По рецепту Франса ван Дюлкена мы делали также нюхательный табак, которым я лечил простуду и насморк. Для него использовались плоды каштана. Мы их тоже сушили на трубе, а потом растирали в мелкий порошок. Понюхав такого зелья, человек начинал чихать так, что стены камеры гудели.
Листьев и плодов каштана мы могли собирать сколько влезет. Ни один из охранников не обращал на это внимания. Они считали, наверное, что мы едим эту пакость.
Раздобыть еду было труднее. Окна кухни выходили на улицу. Они были открыты и зимой и летом, и запахи пищи дразнили нас. Перед кухней всегда стояла повозка с капустными листьями. Иной раз удавалось стянуть такой лист и спрятать его под куртку, а потом мы по-братски делили его в камере.

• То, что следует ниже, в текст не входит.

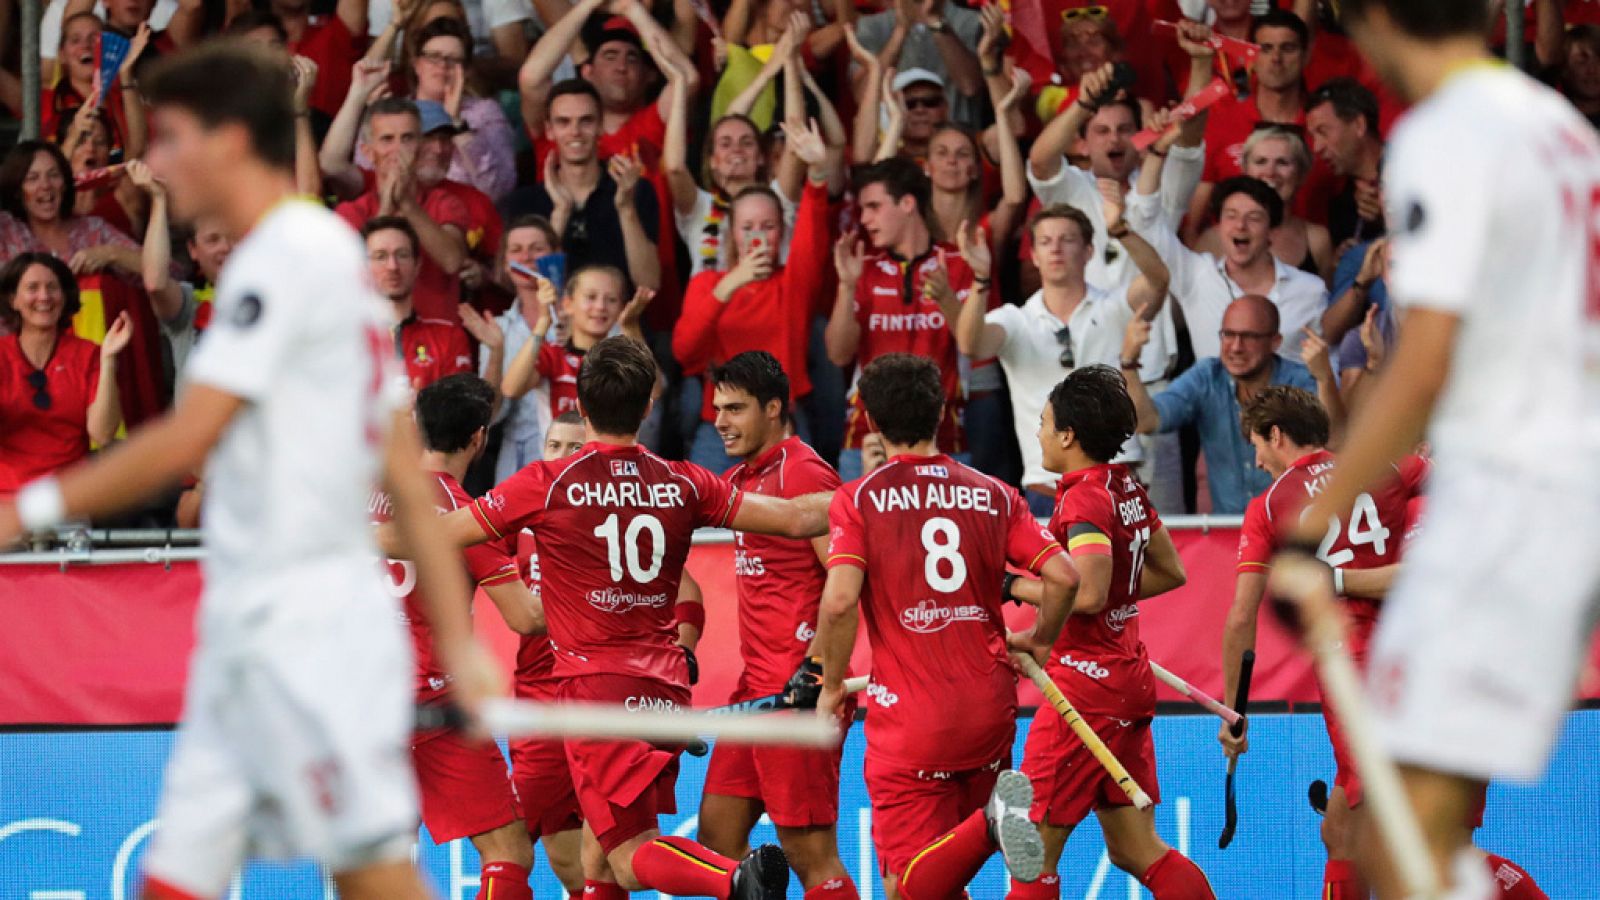 Bélgica se proclama campeona de Europa de hockey hierba tras derrotar a España
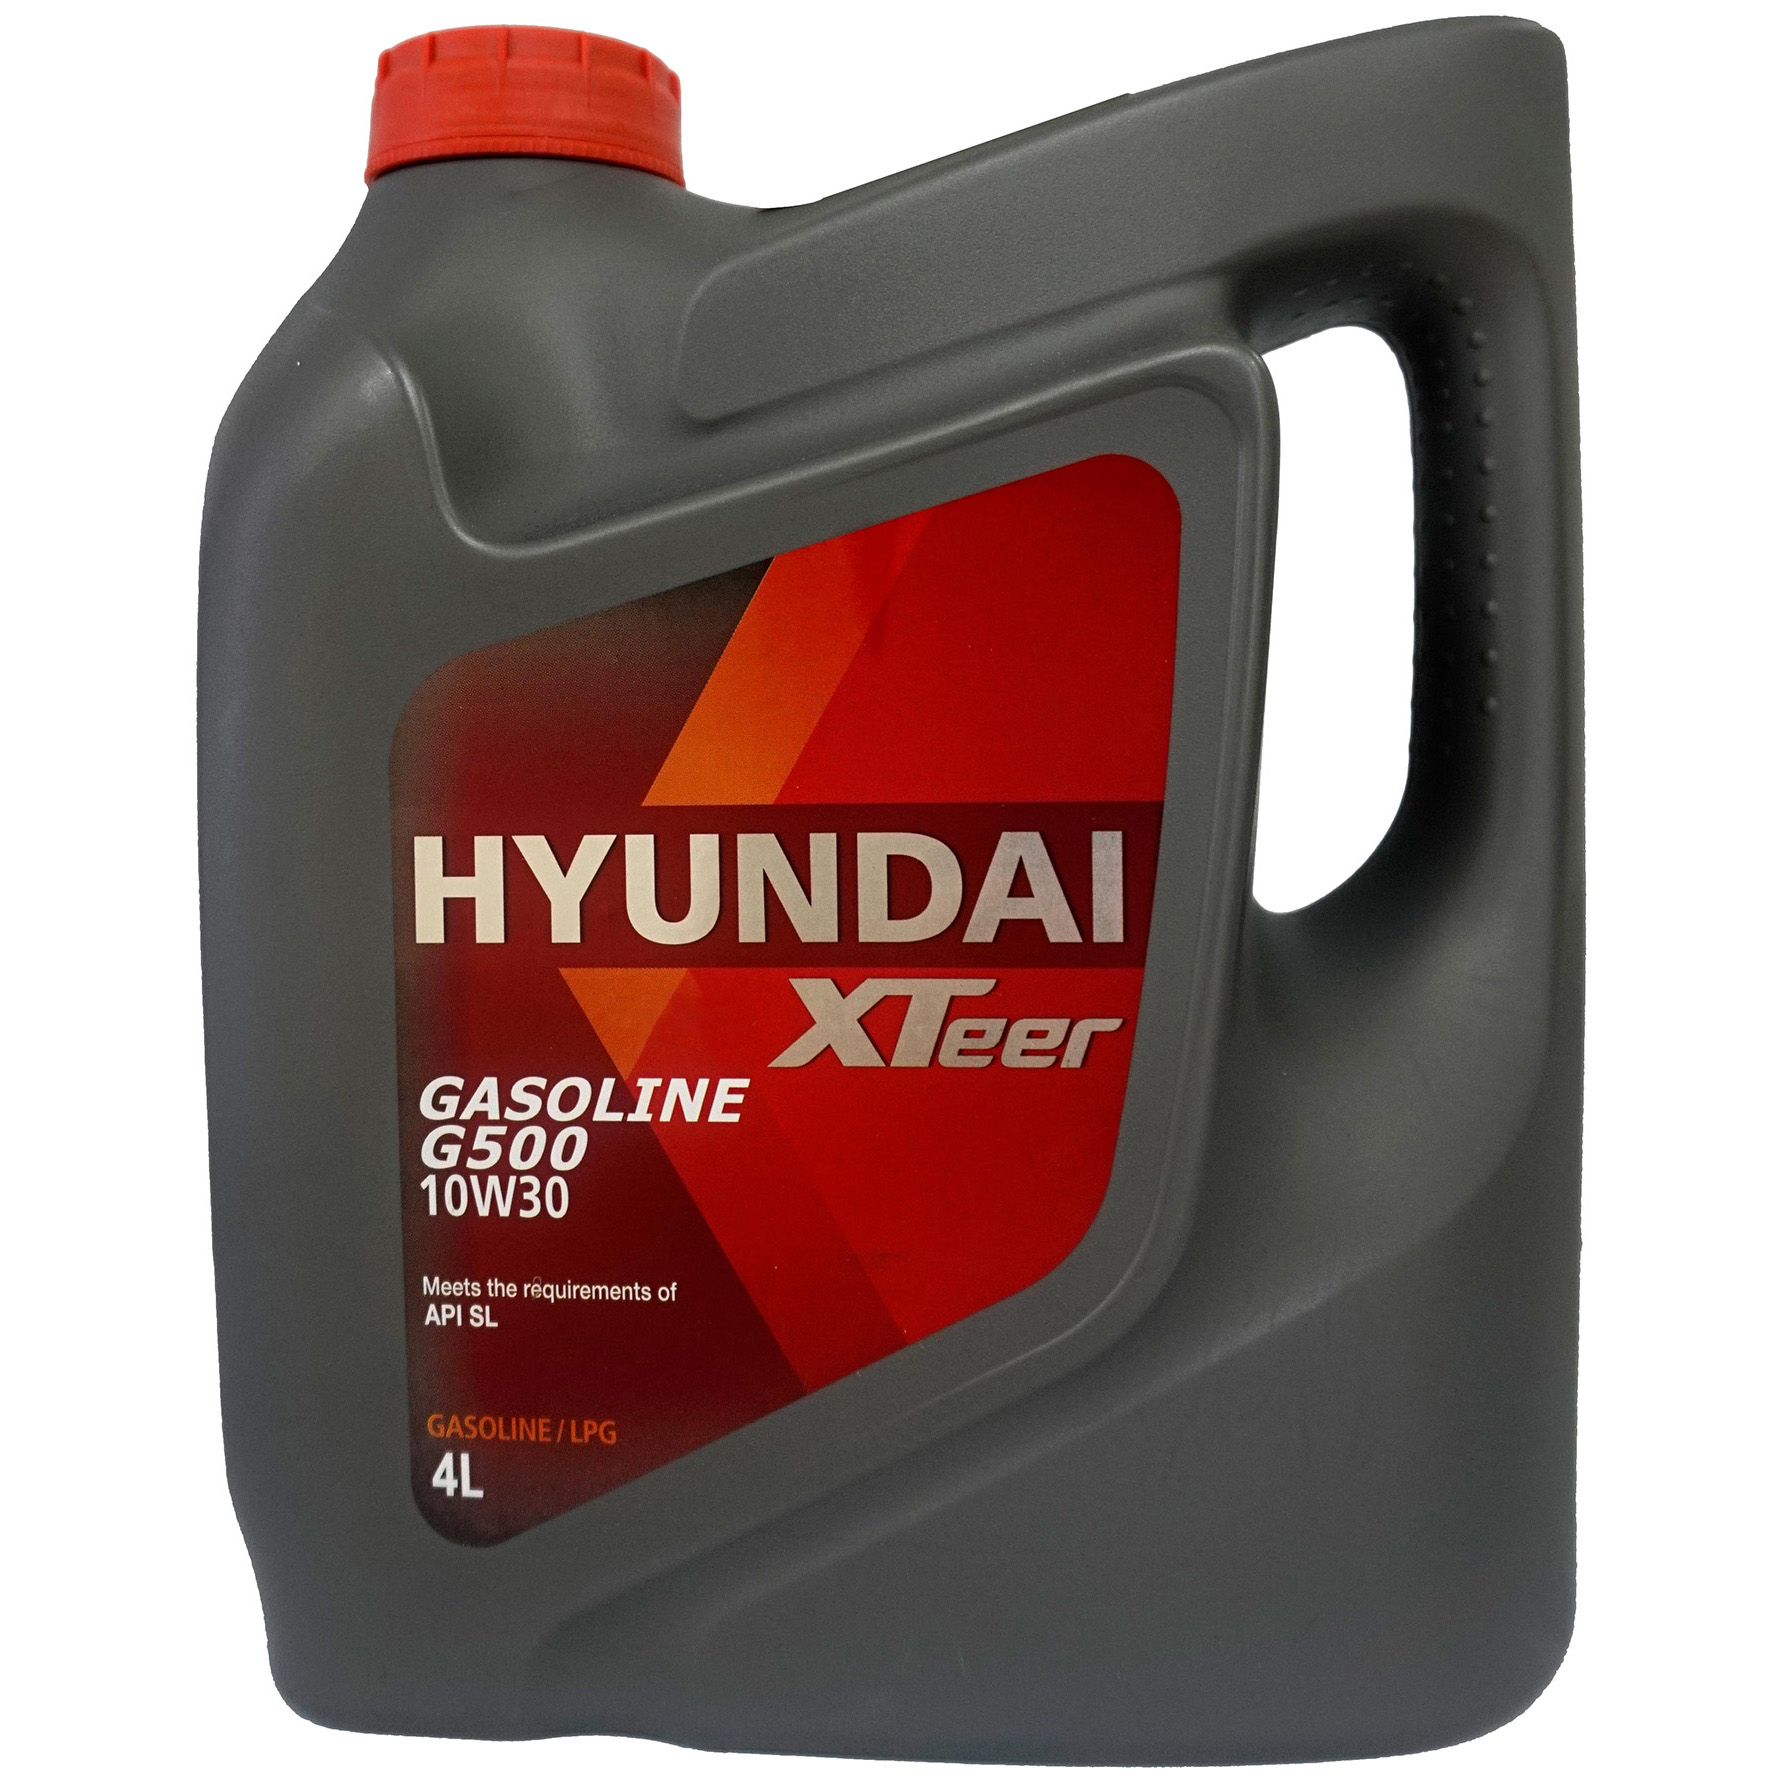 Моторное масло HYUNDAI Xteer Gasoline G500 Api Sl Synthetic 10W30 4л

Но шансов на успех почти не было. Как только добыча оказывалась в руке, подбегал охранник и бил заключенного до тех пор, пока лист не падал на землю. Поэтому мы совали трофейный лист сразу в рот. За это тоже били, но тут хоть что-то перепадало.
– Вот вам, вегетарианцы! – произносил Дурак, сопровождая свои слова затрещинами.
Вскоре француза увели от нас, а вместо него в камере появился Иозеф Бонвуасин из Лейка, робкий провинциальный парень.
Таким образом я оказался в компании с двумя «странными» людьми. Наверное, тюрьма всех делает немного странными, но странности замечаешь только у других, у себя же самого их не видишь. Прежде я всегда сразу съедал свою порцию. Но общение с Франсом ван Дюлкеном и Иозефом Бонвуасином научило меня терпению. Франс ван Дюлкен ел страшно медленно, и это было одной из причин того, что никто не хотел сидеть вместе с ним в камере. Когда ты уже съел свой хлеб, невыносимо смотреть на то, как он еще полчаса продолжает жевать.
С появлением Иозефа Бонвуасина мои терзания стали еще мучительнее. Если Франс ван Дюлкен страдал «комплексом жевания», то Иозеф – комплексом набожности.
Иозеф Бонвуасин молился перед куском хлеба утром, перед обеденным супом и перед куском хлеба вечером. Это тянулось бесконечно. Он клал перед собой кусок хлеба или ставил миску супа и молился. Руки молитвенно сложены, губы шевелятся, глаза подняты вверх или опущены долу. Иногда он вскидывал голову, видимо, чтобы убедиться, что бог его слышит. А потом снова смотрел на еду. Мы же смотрели на него, переводили взгляд со своей порции на его и ждали, когда он кончит. Сначала мы пытались есть, не дожидаясь его, но это было мучительно. Голод кажется еще сильнее, когда видишь, как едят другие.
После мук, связанных с ожиданием, пока Йозеф закончит свой религиозный ритуал, нам надлежало приспособиться к ритму Франса – к его манере еды. Сначала он резал свой хлеб на множество крошечных кусочков. Он делал это медленно и тщательно, стараясь, чтобы все кусочки были совершенно одинаковыми. Он вырезал ровные-ровные кубики. После этого он клал их один за другим в рот, с большими паузами, и начинал жевать. Поразительно, как долго он мог жевать такой крошечный кубик! Когда же наконец Франс проглатывал кусочек, он похлопывал себя по животу и приступал к следующему кубику.
Бонвуасин ждал. Он ждал, когда Франс возьмет свой последний кусочек. Тогда он быстро съедал свою порцию. Я поступал иначе. Я делил свой хлеб на четыре части. Первый кусок я съедал, когда Франс приступал к еде. Второй кусок я отправлял в рот, когда он съедал четвертую часть своих кубиков, и так далее.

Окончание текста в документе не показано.